Nestori Syrjälä works with sculpture, installation and public interventions. For the past ten years he has been obsessed with the crisis in human relations with the environment: the ground under our feet, the air we breathe and the oceans that surround us are all turning strange. Syrjälä´s work explores this strangeness through his sculptural practice as well as through social situations created in public space. Syrjälä has studied sculpture in the Finnish Academy of Fine Arts and the Royal Institute of Art in Sweden. His work has been shown in Museum of Contemporary Art Kiasma, Matadero Madrid and Gwangju Biennale.

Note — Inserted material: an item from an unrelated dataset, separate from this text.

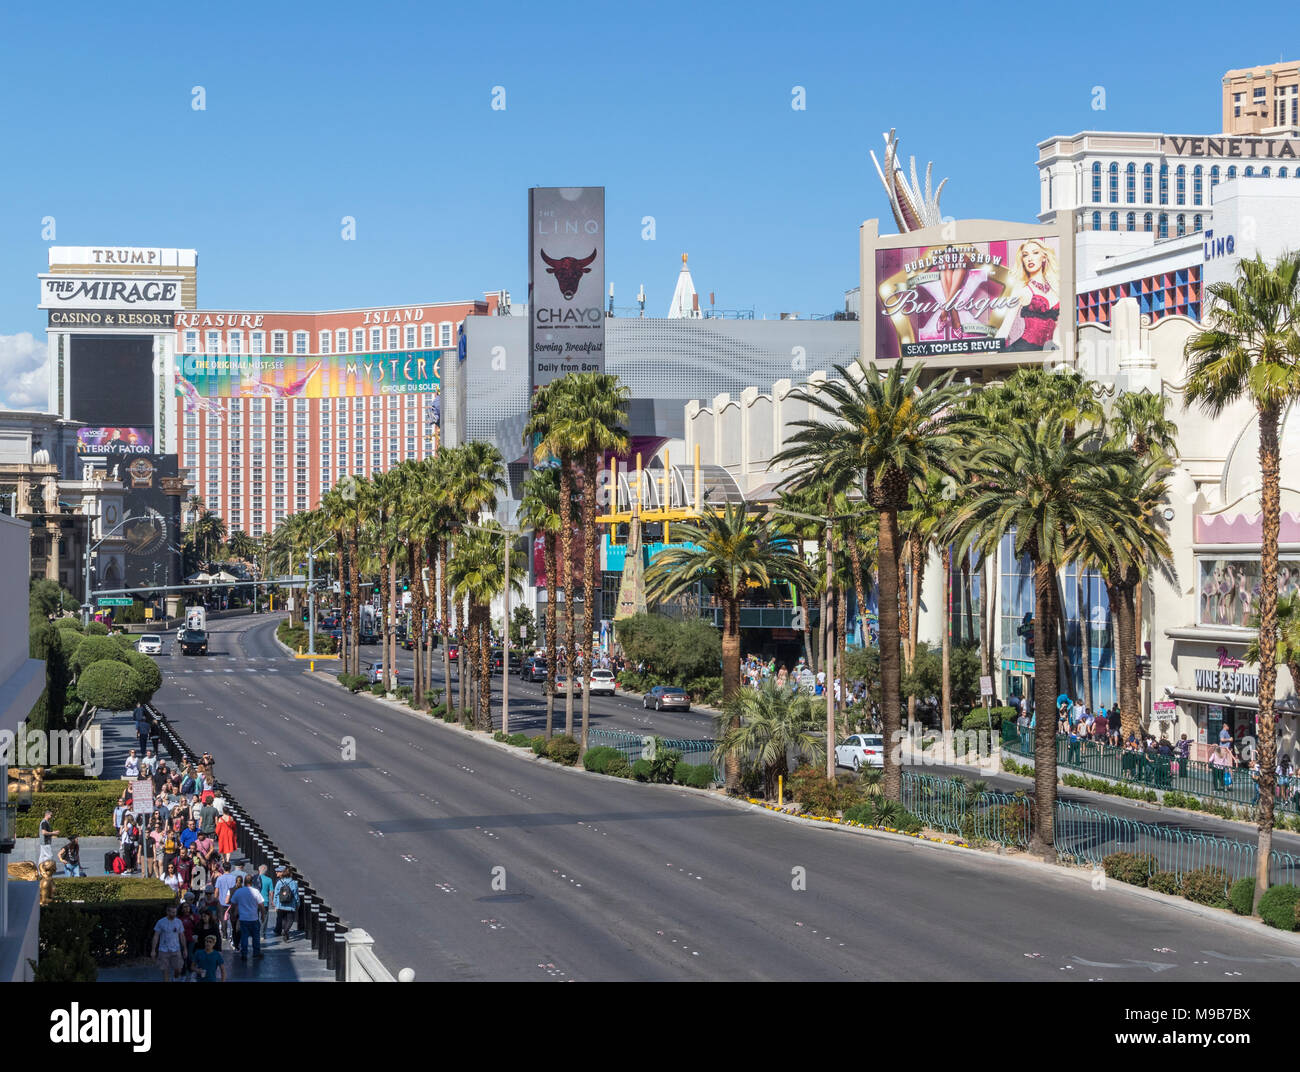 Las Vegas Boulevard di Las Vegas, Nevada. Il più famoso tratto di Las Vegas Blvd è conosciuto come 'Nastro' - Elegante hotel casino. Foto Stock

Bogna Luiza Wiśniewska (b.1988, Poland) is a soft-hearted person who lives and works in Helsinki, where she maintains an arts practice that fosters cosy spaces and good company, bringing people together through painting, ceramics, textiles, exhibition-making, installation, cooking, gardening and hosting. Her practice is rooted in care, kindness, fragility, queerness and the exploration of these elements through various mediums. She is actively involved in the Helsinki art scene and part of artist-run gallery SIC.
Basel Social Club is a unique and dynamic platform taking place during Art Basel week. Held in a different venue each year, the event brings together art, social life, and entertainment, positioning itself as a compelling alternative to traditional art fairs. By uniting galleries of various scales and artists from diverse backgrounds, the event aspires to create an inclusive and multifaceted art environment. Basel Social Club is free and open to all.
The Finnland-Institut is a forum for Finnish culture, academia and business in German-speaking Europe. The Institute emphasises on networking and counselling of actors from different disciplines and offers, in co-operation with its partners, a diverse programme providing insights into Finland's culture and society.
chance encounter is organized collaboratively by Finnland-Institut and the Finnish Cultural Institute in New York as part of the pARTir initiative funded by the European Union – NextGenerationEU.